Create your own chatbot with Llama2, Ollama and Gradio

4 min readDec 1, 2023

Image generated using Image Creator from Microsoft Designer

Overview

I’m going to demonstrate today how to quickly set up your own offline chatbot so you don’t have to worry about your data being used for training. It’s a lot simpler than you may think. Kudos to the creators of Gradio, Ollama, and of course Meta for opening up their Llama model. I won’t go into great detail about how these libraries and frameworks operate; instead, this tutorial will only walk you through the process of making a basic chatbot in Ubuntu/WSL. You should also be able to run it in any other OS with Python3 installed.

Requirements:

8 GB of RAM
20 GB disk space
Python 3.10 or above

Steps:

1. Install Ollama

curl https://ollama.ai/install.sh | sh

For manual installation, please visit the official page: https://github.com/jmorganca/ollama

We will be using it to download and run the llama models locally.

2. Download and run LLama2:7B using Ollama

ollama run llama2

It will take some time to download the model for the first time, but after that it should not take much time to load. You should see something like this after the download is complete and should be able to chat with it in command line:

You can try the following to check if the Ollama server is running or not:

curl http://localhost:11434/api/generate -d '{
  "model": "llama2",
  "prompt":"Why is the sky blue?"
}'

If you do not get the response, you can start the server with the following command:

ollama serve

3. Install Gradio

pip install gradio

Gradio is an open-source Python library for creating customizable web interfaces. We will be using it to create a chat interface.

Also, I cannot stress enough about using virtual environments for your Python projects, as they isolate dependencies and prevent version conflicts, ensuring a smooth and consistent development experience.

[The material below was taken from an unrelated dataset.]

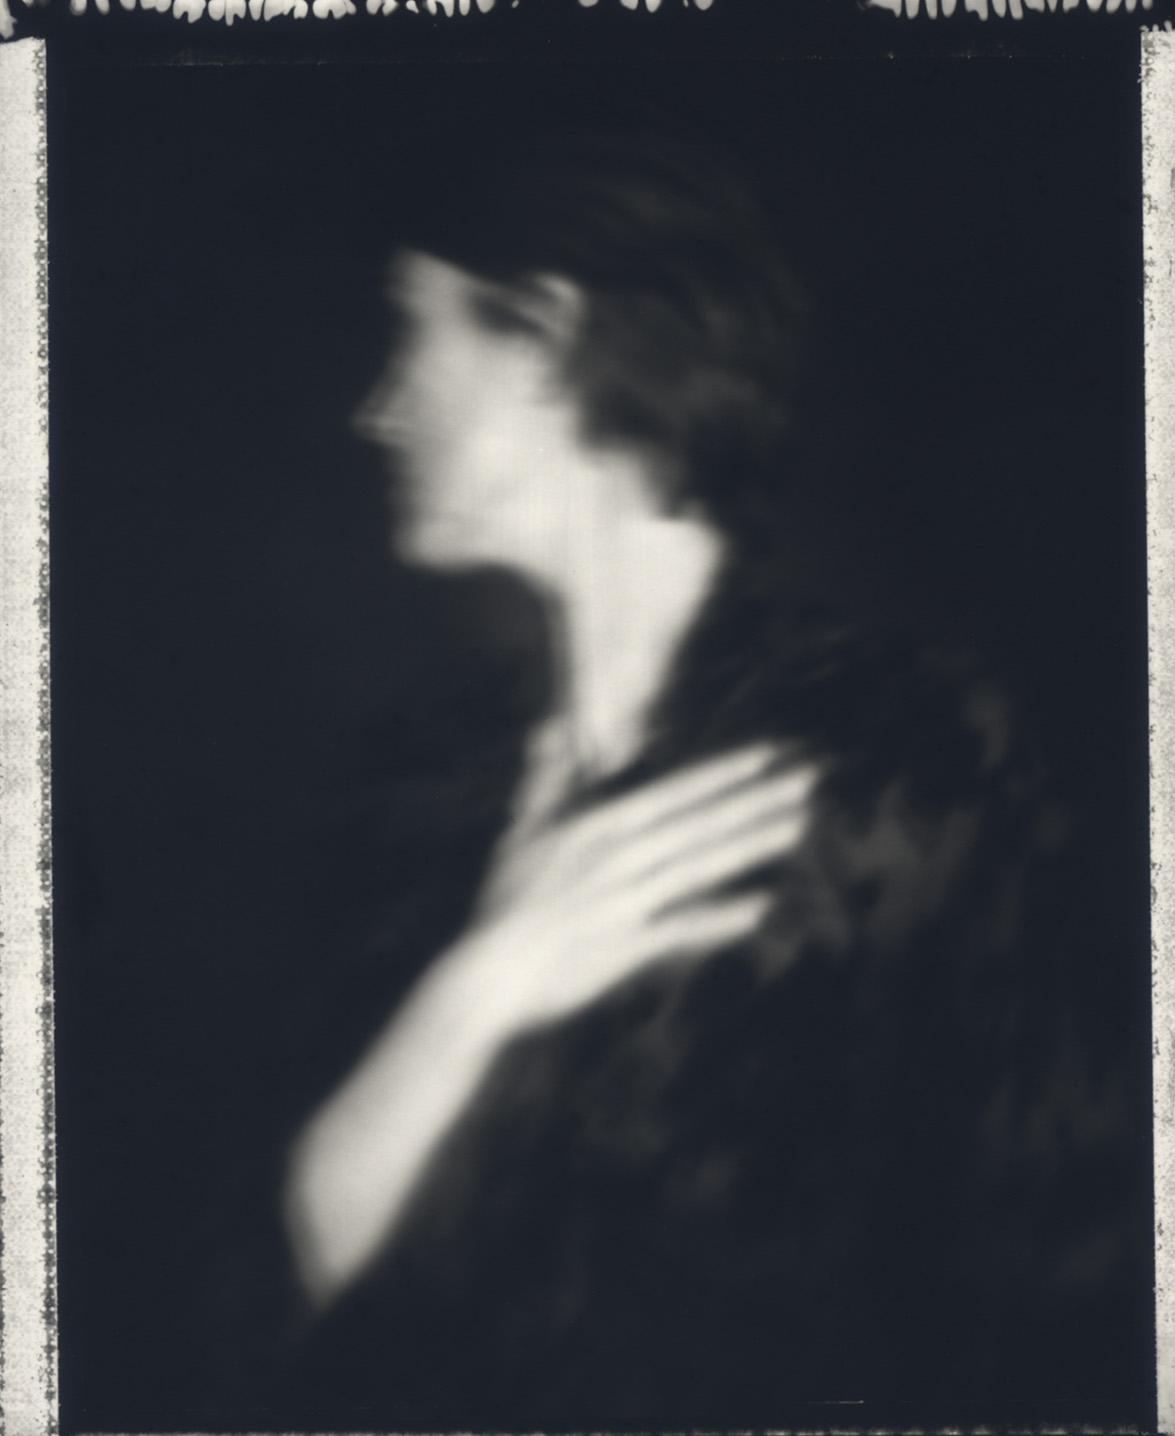 Self Portrait #77A, 2002

Here is a really good article on how to use Python virtual environments: https://www.freecodecamp.org/news/how-to-setup-virtual-environments-in-python/

4. Code

Create a main.py file in your current project folder and copy the following:


import requests, json

import gradio as gr


model = 'llama2:latest' #You can replace the model name if needed
context = [] 



import gradio as gr

#Call Ollama API
def generate(prompt, context, top_k, top_p, temp):
    r = requests.post('http://localhost:11434/api/generate',
                     json={
                         'model': model,
                         'prompt': prompt,
                         'context': context,
                         'options':{
                             'top_k': top_k,
                             'temperature':top_p,
                             'top_p': temp
                         }
                     },
                     stream=False)
    r.raise_for_status()

 
    response = ""  

    for line in r.iter_lines():
        body = json.loads(line)
        response_part = body.get('response', '')
        print(response_part)
        if 'error' in body:
            raise Exception(body['error'])

        response += response_part

        if body.get('done', False):
            context = body.get('context', [])
            return response, context



def chat(input, chat_history, top_k, top_p, temp):

    chat_history = chat_history or []

    global context
    output, context = generate(input, context, top_k, top_p, temp)

    chat_history.append((input, output))

    return chat_history, chat_history
  #the first history in return history, history is meant to update the 
  #chatbot widget, and the second history is meant to update the state 
  #(which is used to maintain conversation history across interactions)


#########################Gradio Code##########################
block = gr.Blocks()


with block:

    gr.Markdown("""<h1><center> Jarvis </center></h1>
    """)

    chatbot = gr.Chatbot()
    message = gr.Textbox(placeholder="Type here")

    state = gr.State()
    with gr.Row():
        top_k = gr.Slider(0.0,100.0, label="top_k", value=40, info="Reduces the probability of generating nonsense. A higher value (e.g. 100) will give more diverse answers, while a lower value (e.g. 10) will be more conservative. (Default: 40)")
        top_p = gr.Slider(0.0,1.0, label="top_p", value=0.9, info=" Works together with top-k. A higher value (e.g., 0.95) will lead to more diverse text, while a lower value (e.g., 0.5) will generate more focused and conservative text. (Default: 0.9)")
        temp = gr.Slider(0.0,2.0, label="temperature", value=0.8, info="The temperature of the model. Increasing the temperature will make the model answer more creatively. (Default: 0.8)")


    submit = gr.Button("SEND")

    submit.click(chat, inputs=[message, state, top_k, top_p, temp], outputs=[chatbot, state])


block.launch(debug=True)

5. Run the ChatBot UI

python3 main.py

You should see the following interface:

And you can now your chatbot is ready:

Conclusion

As I said earlier, the aim of this tutorial was to guide you how to run it rather than to explain how it all works. If you face any errors while running the above code, let me know.